刺客



「善逸さんの負けですよ?」
「え、やば。強すぎない?」

任務で腕を折ってしまい蝶屋敷で治療を受けていたところ、私の初恋である善逸さんがやってきたんです。そう、言っていませんでしたっけ?初恋なんです。


「任務の時は善逸さんの方が速いのに…」
「は?そんなわけないじゃん。こないだの任務だってなまえちゃんが助けてくれたんじゃん」
「そうですか」
「なんでそんなに遠い目をしてるの?!」


鬼殺隊の同期で初めは別人だと思っていたけれど、任務で一緒に戦って再認識した。間違いなく私の心を奪っていったあの人と同一人物だと。

で、今は私の機能回復訓練に付き合って頂いていたところなのですが、ええ、私が勝ちました。



「なまえちゃん、力強すぎない?」
「それもありますが体術は得意なんです」
「女の子に沢山触れたから嬉しいけど体のあちこちがいたいよ」
「嬉しいならもう一組合致しますか?」
「俺お腹すいたな!」

腕をあげて力こぶを作って見せるとあきらに顔を反らして大声を出す善逸さん。



「ふふふ、そうですね。そろそろお昼ですものね」
「……綺麗に笑うなぁ」
「なんですか?」
「なっ何でも!何でもない!」
「そうですか、じゃあ、行きましょう」


尻もちをついている彼に手を差し出すと、素直に私の手を握り立ち上がる。

ねえ、善逸さん。
触れられて嬉しいのは私の方なんですよ?

なんて心の中で言っても伝わらないんでしょうけどね。





「善逸さん?お顔赤くないですか?」
「いや!そんなことないから!」


ここからは俺の独り言。
勝手にぶつぶつと1人心の中で呟くんだけどさ、困ってる事がいくつかあるんだよ。

なんでこんな可愛い子と同期だったのに覚えてないの、俺。選別の時、気絶してたからね、だからなんだけどね。気絶してたら最終選別生き残っちゃってたから…あれ?

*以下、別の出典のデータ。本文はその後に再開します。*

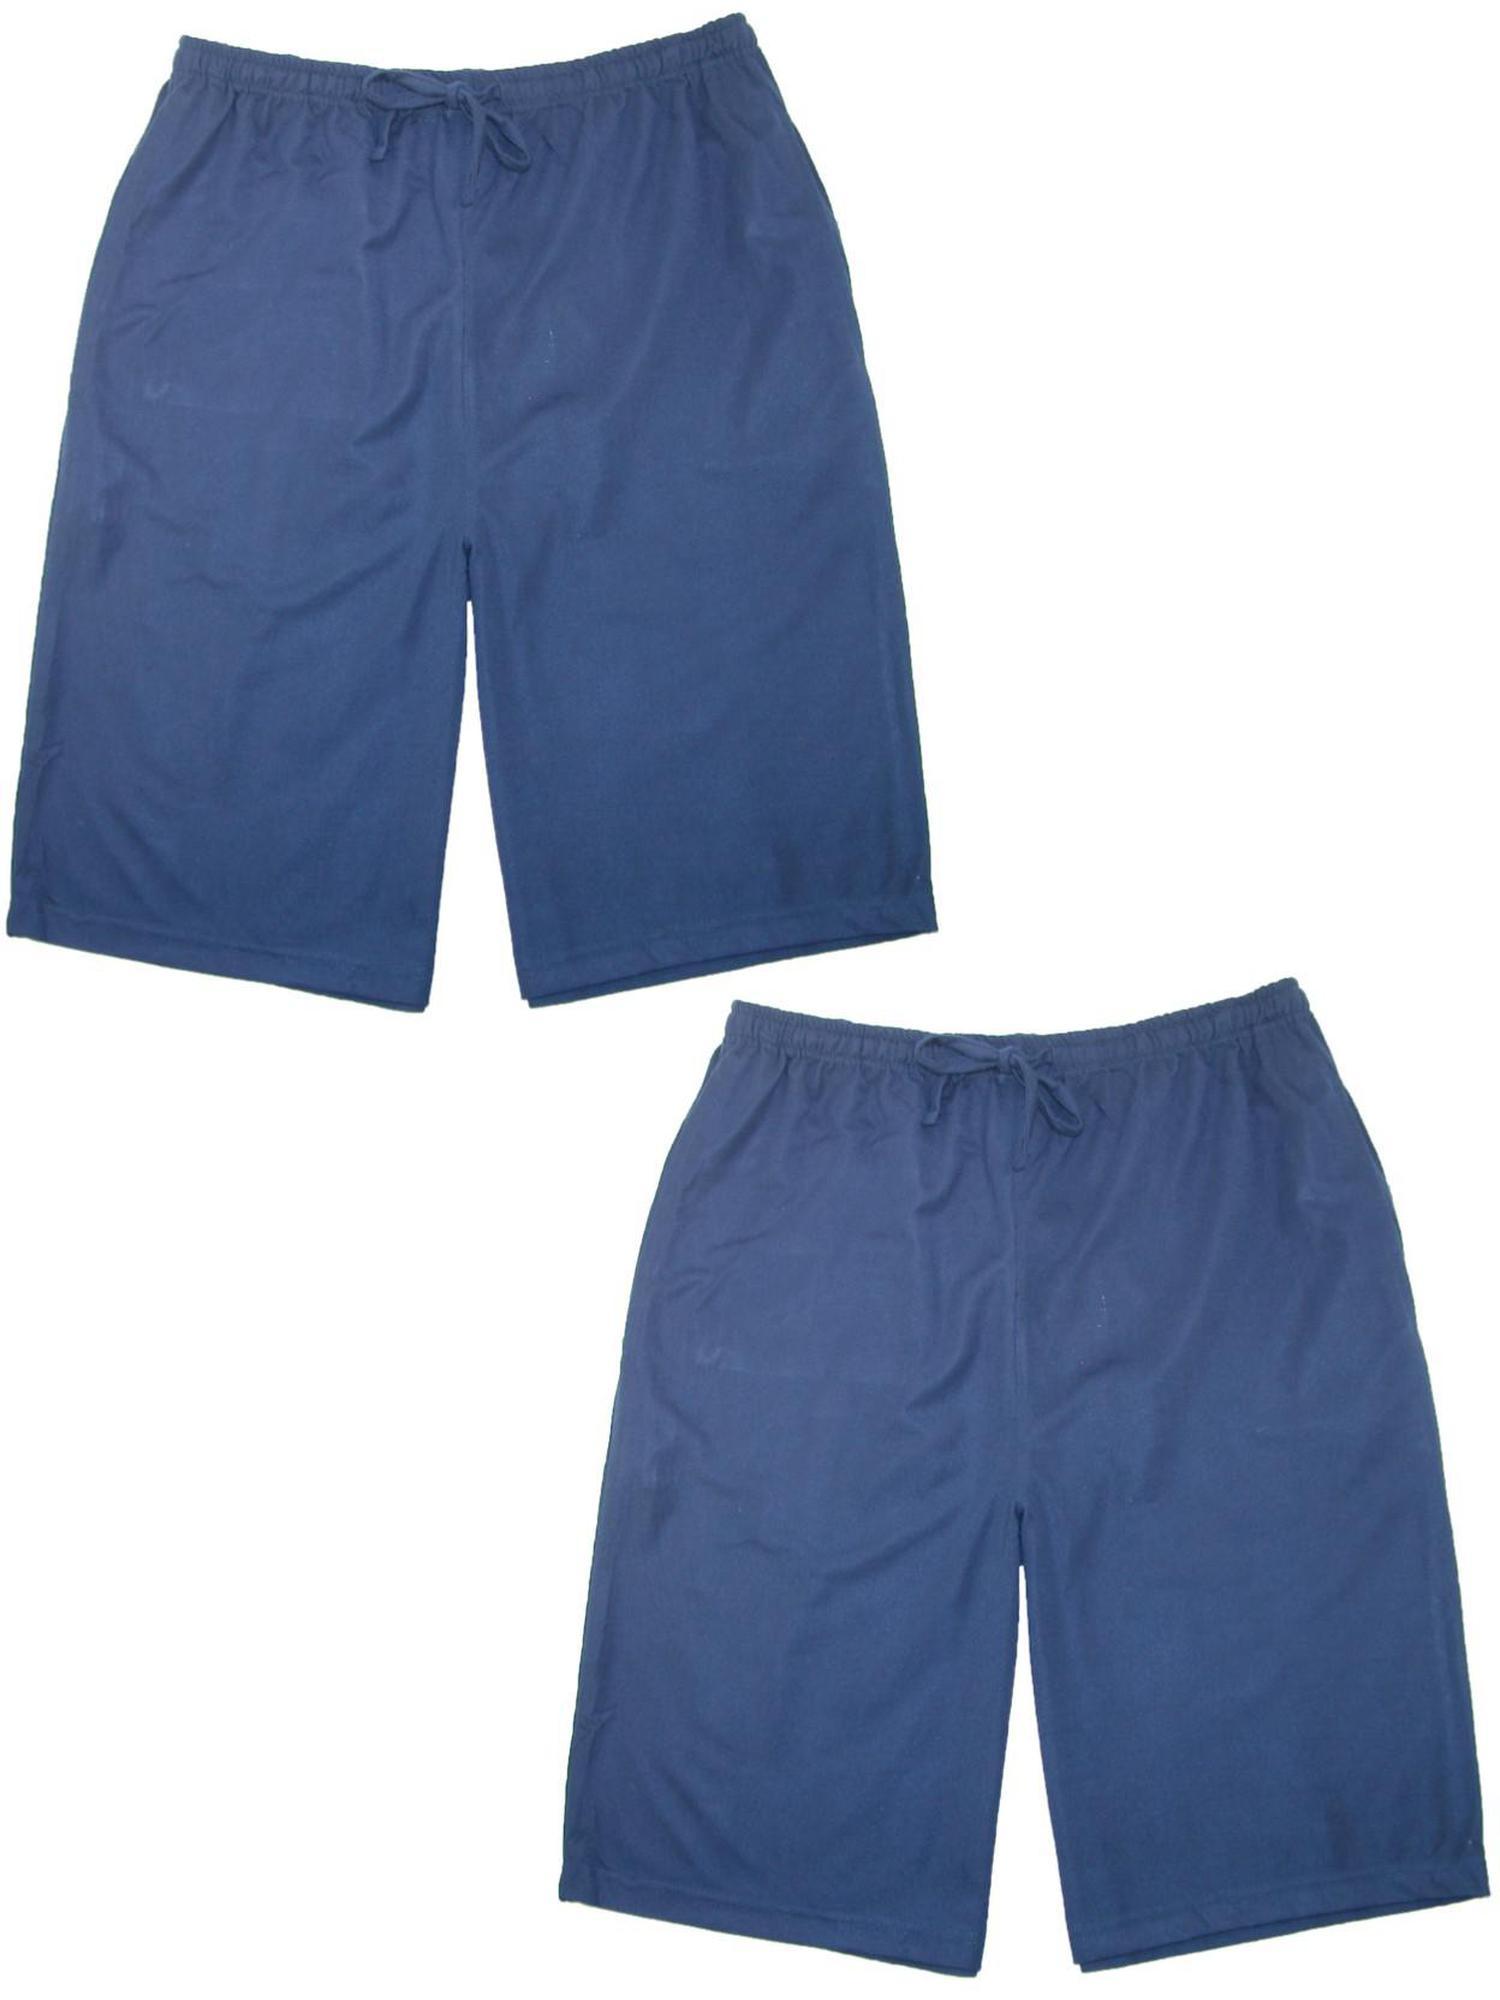 Ten West Apparel Men's Knit Sleep Shorts (Pack of 2)
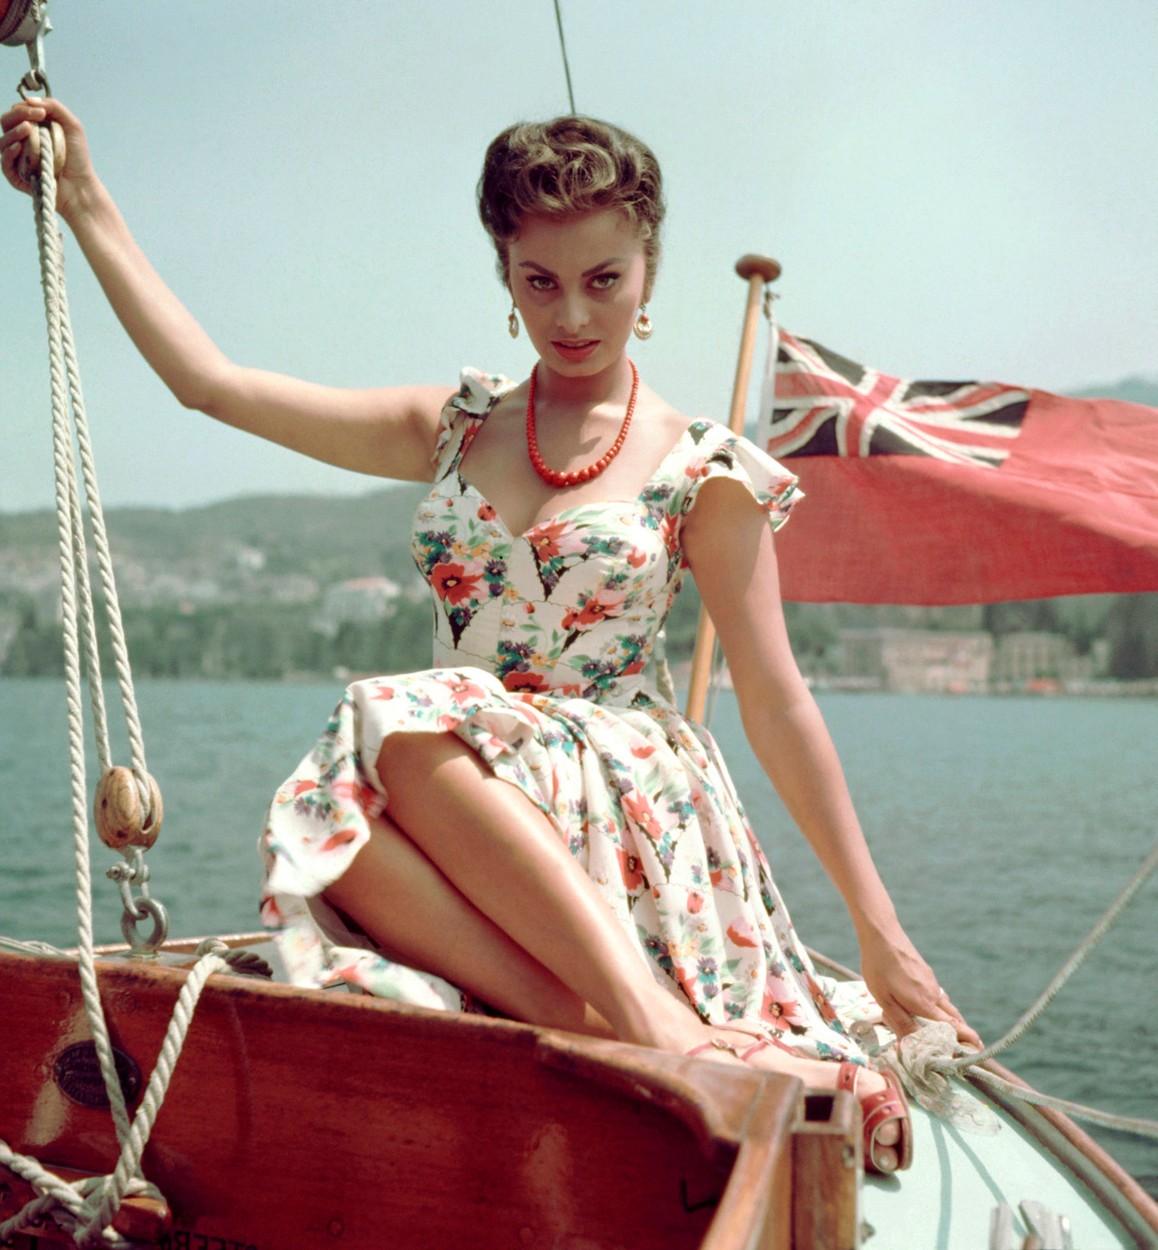 Sophia Loren *Filmstill - Editorial Use Only*,Image: 165805665, License: Rights-managed, Restrictions: *Filmstill - Editorial Use Only*, Model Release: no, Credit line: Image  Capital Pictur / Film Stills / Profimedia

「そういえば、なんで最終選別後の説明に居なかったの?」
「お師匠様が早く帰ってこいと烏を飛ばしてきたので」


なるほどね。俺達より早く山から降りて行ったから覚えがないのか。まあ、これは俺の問題だからいいとして、もう一つ。



「善逸さんにその時、ご挨拶したかったんですけどね」


っう!!こ、これ!!なんでこんなにドキドキする音させてんの?!なまえちゃんは知らないんだろうけど音で聞こえてくるの、音!こんなに胸を締め付けてくる様な音、初めて聞いた…。

聞いた事があるようでない、俺に向けられた音。



「あ、あのさ、なまえちゃん」
「何でしょうか?」
「その、なまえちゃんってさ」
「はい」
「す…す、好きな!…す、好きな食べ物って何?!」


違う!!ちがーう!!!俺が聞きたかったのは好きな食べ物じゃなくて、君の好きな人なんだよ……。耳で音は聞こえてくるけど、俺は言葉で、知りたいんだ。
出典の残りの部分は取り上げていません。